> Exercise prompt: Below are records; extract exactly the lines from the one with "Rostfria hundskålar i olika storlekar" through the final line, including both, but drop the pictures.

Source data
######

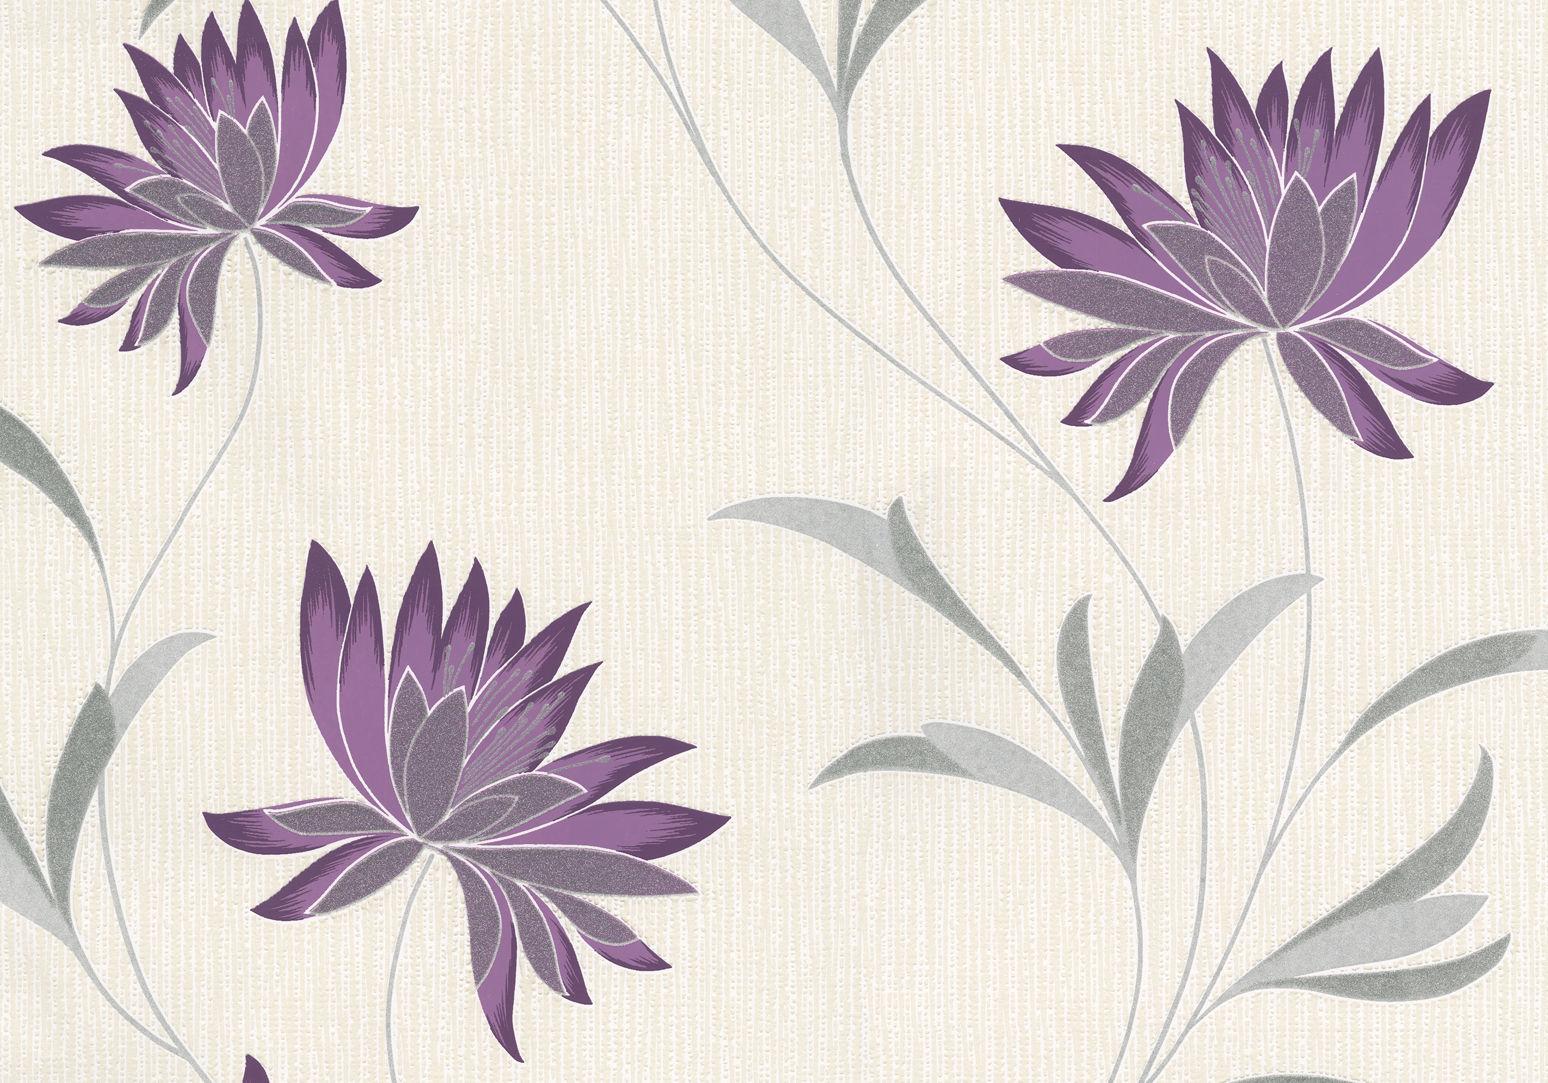 Flowers Wallpaper Floral Textured Vinyl Glitter Cream
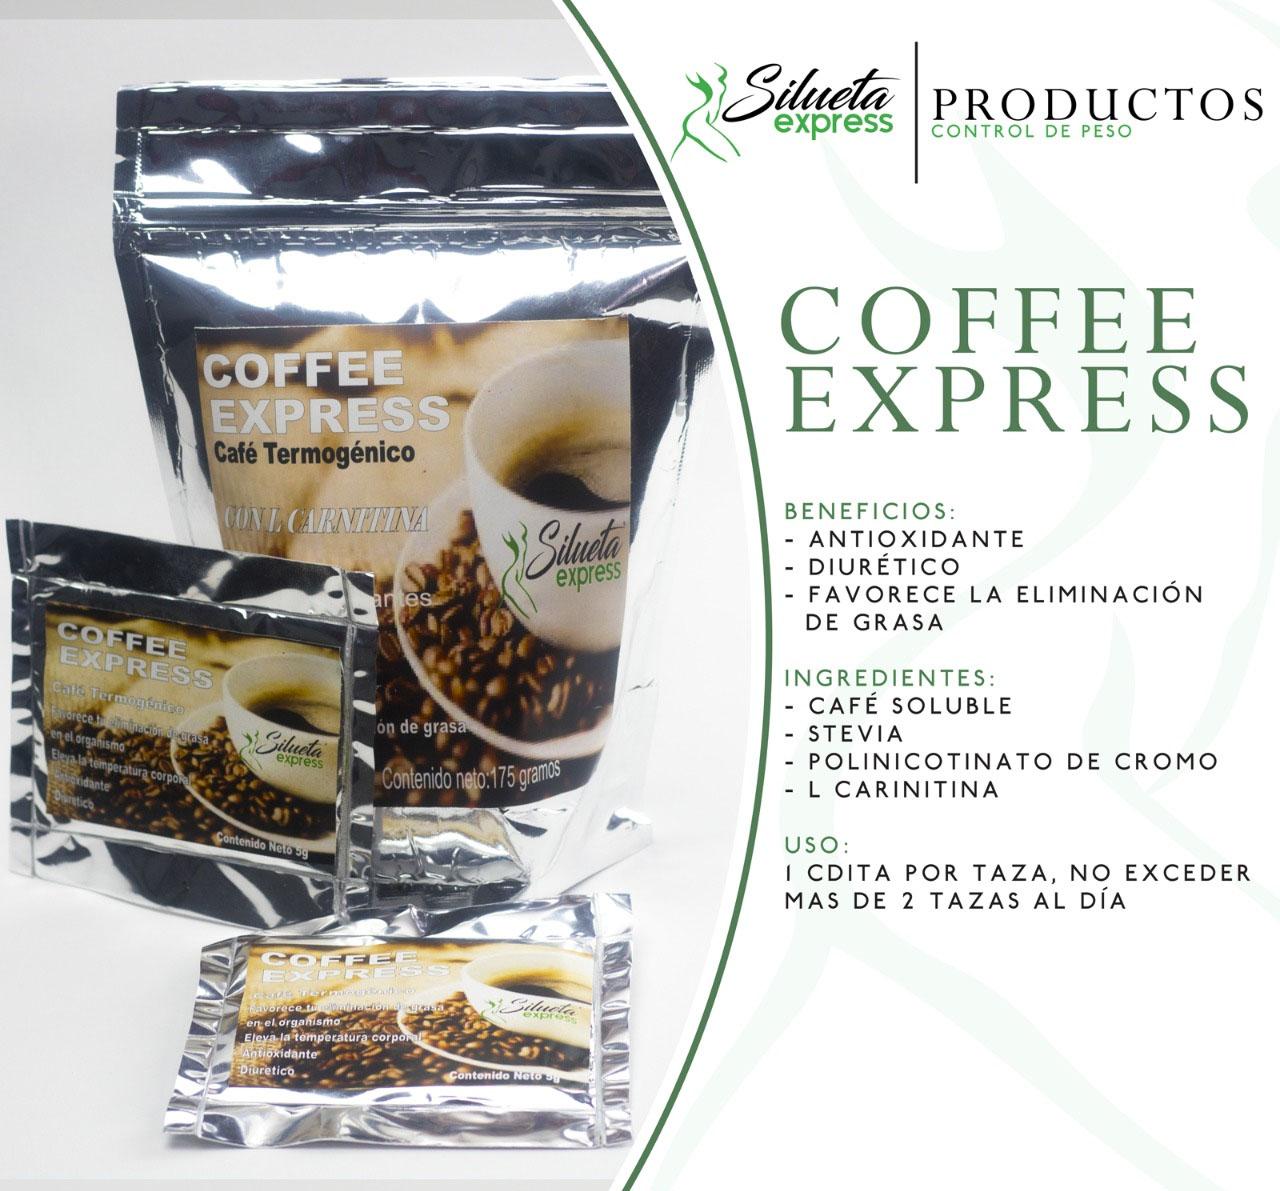 coffee express silueta
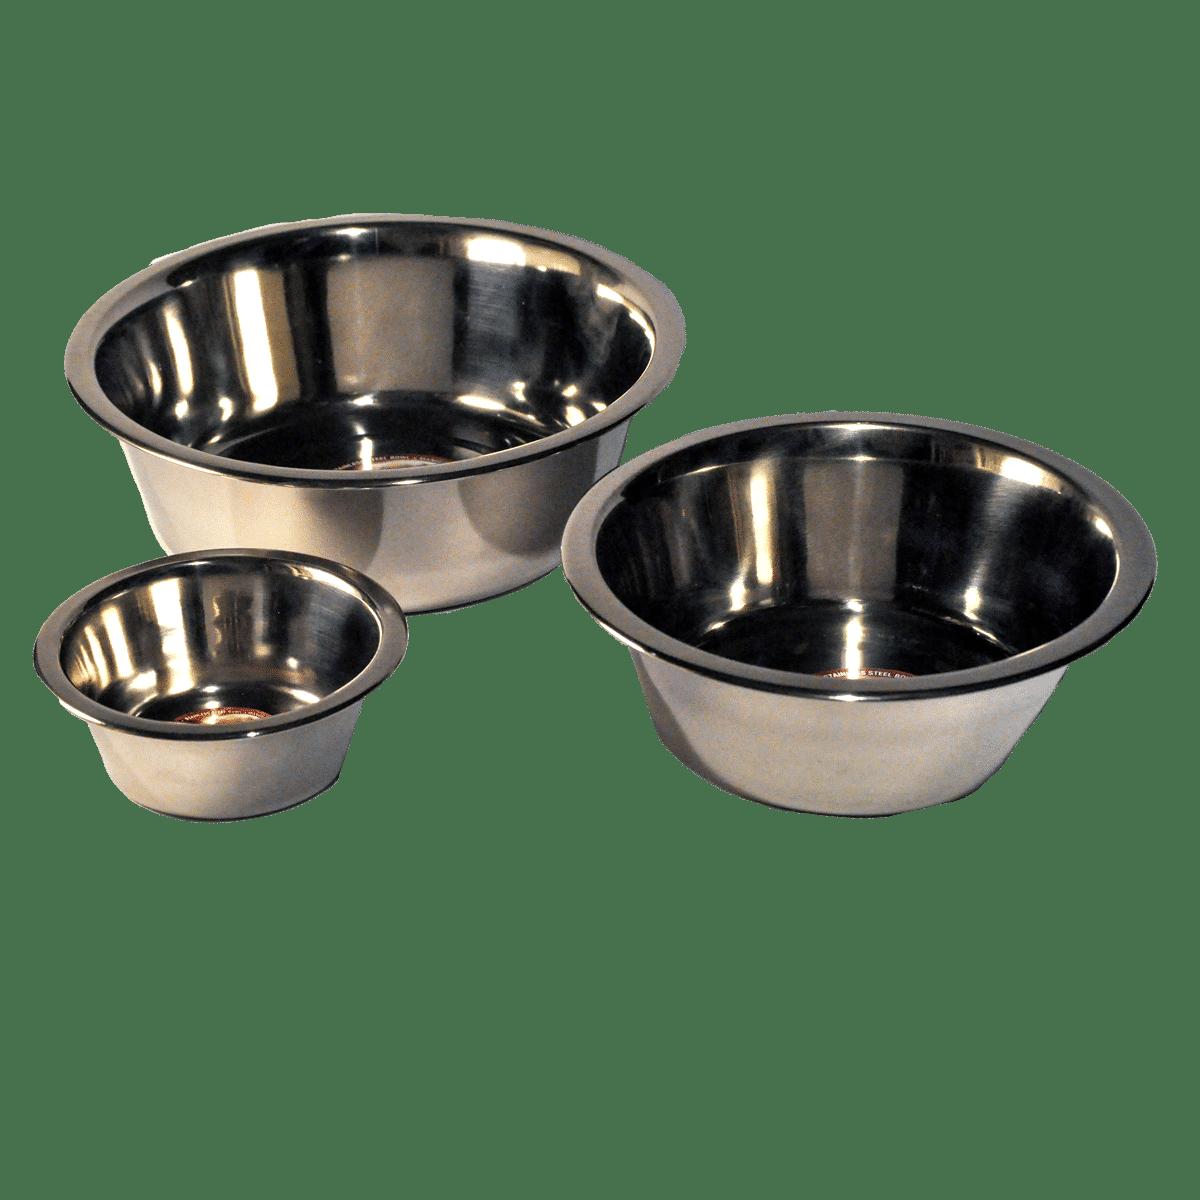 Rostfria hundskålar i olika storlekar
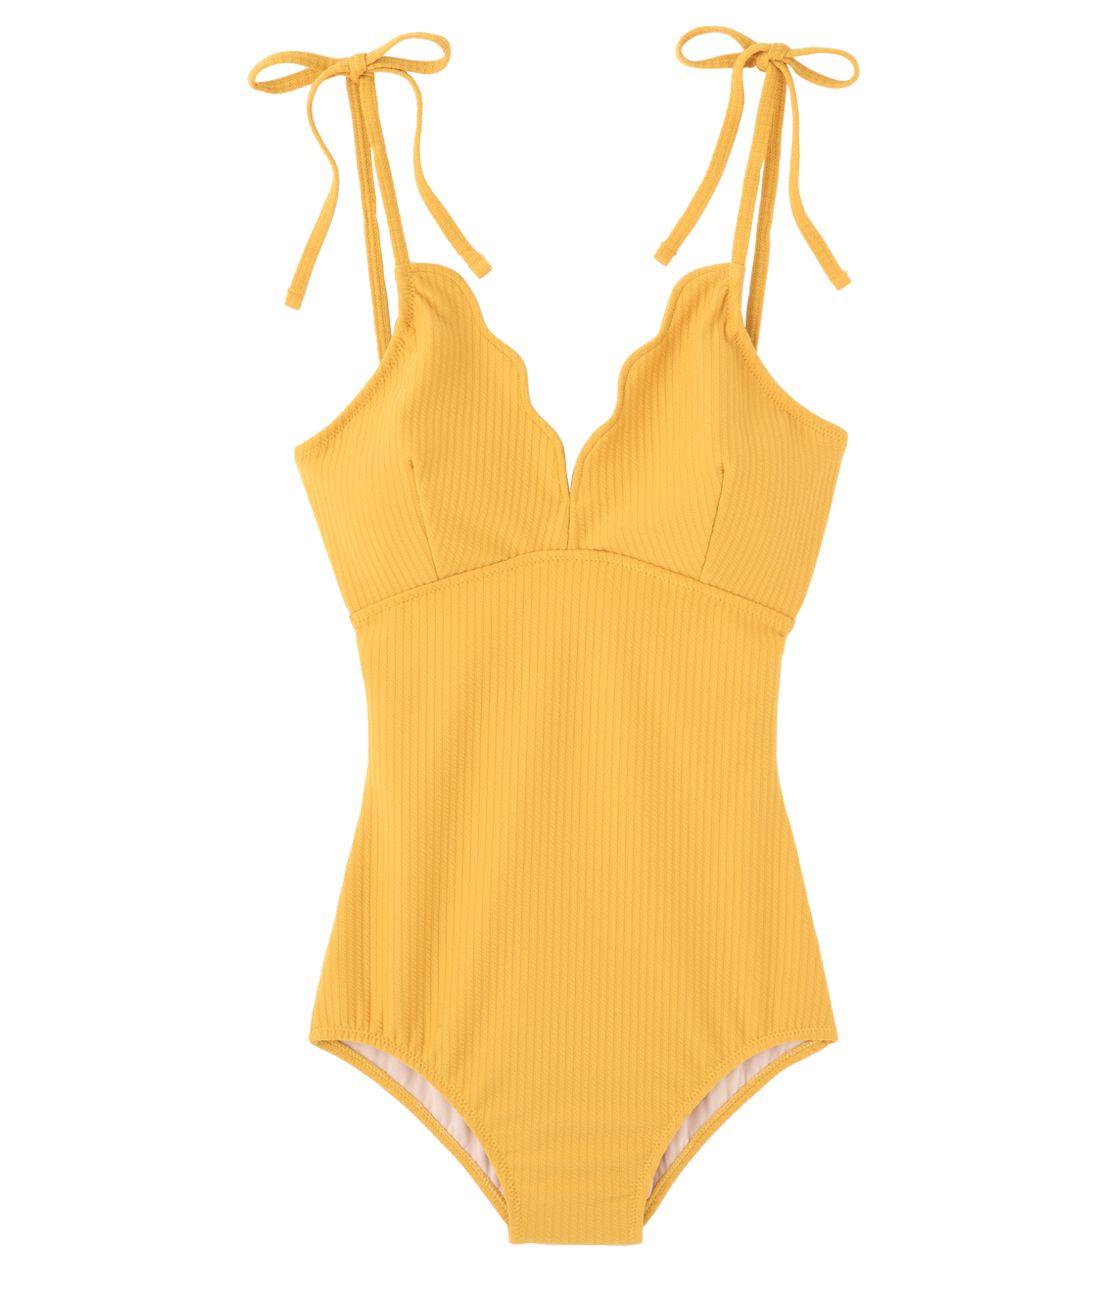 YM Ribusukarappu swimsuit
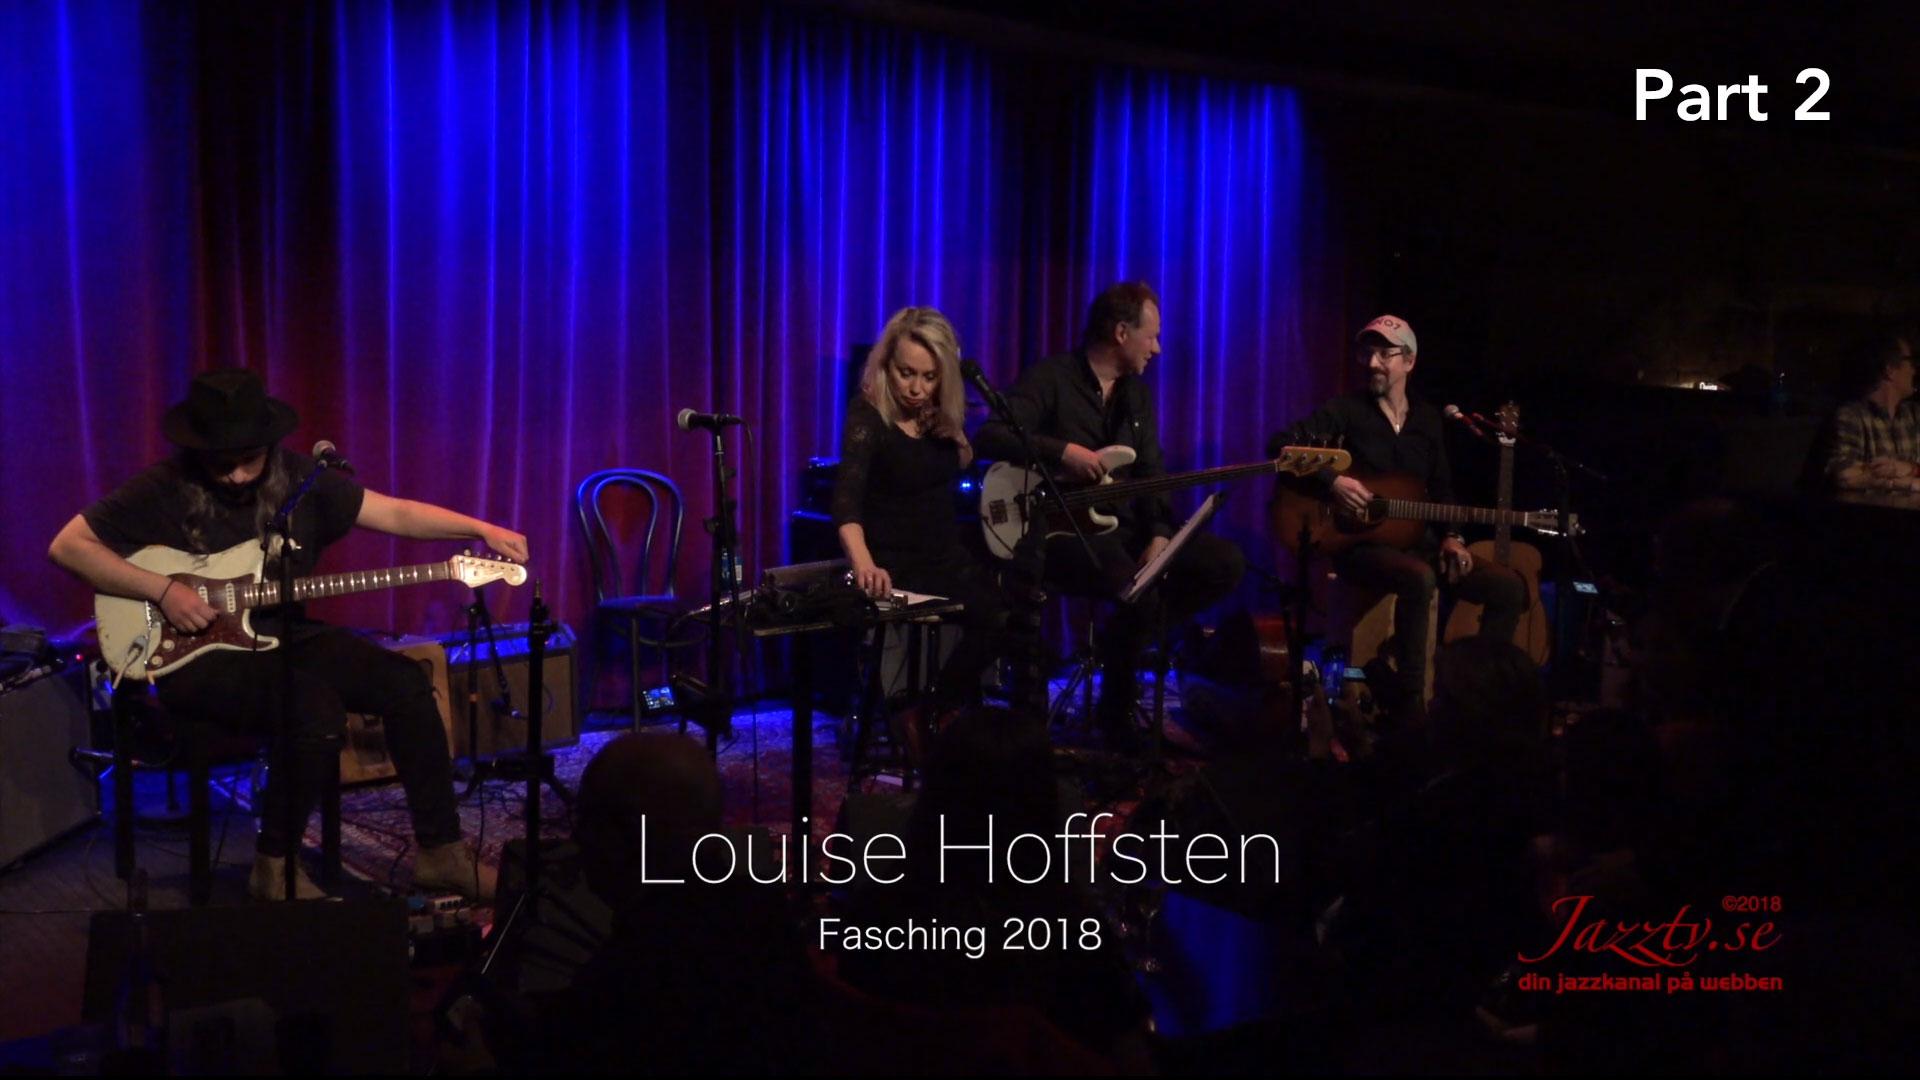 Louise Hoffsten Fasching 2018

######

> Answer to this problem:
 Rostfria hundskålar i olika storlekar
 YM Ribusukarappu swimsuit
 Louise Hoffsten Fasching 2018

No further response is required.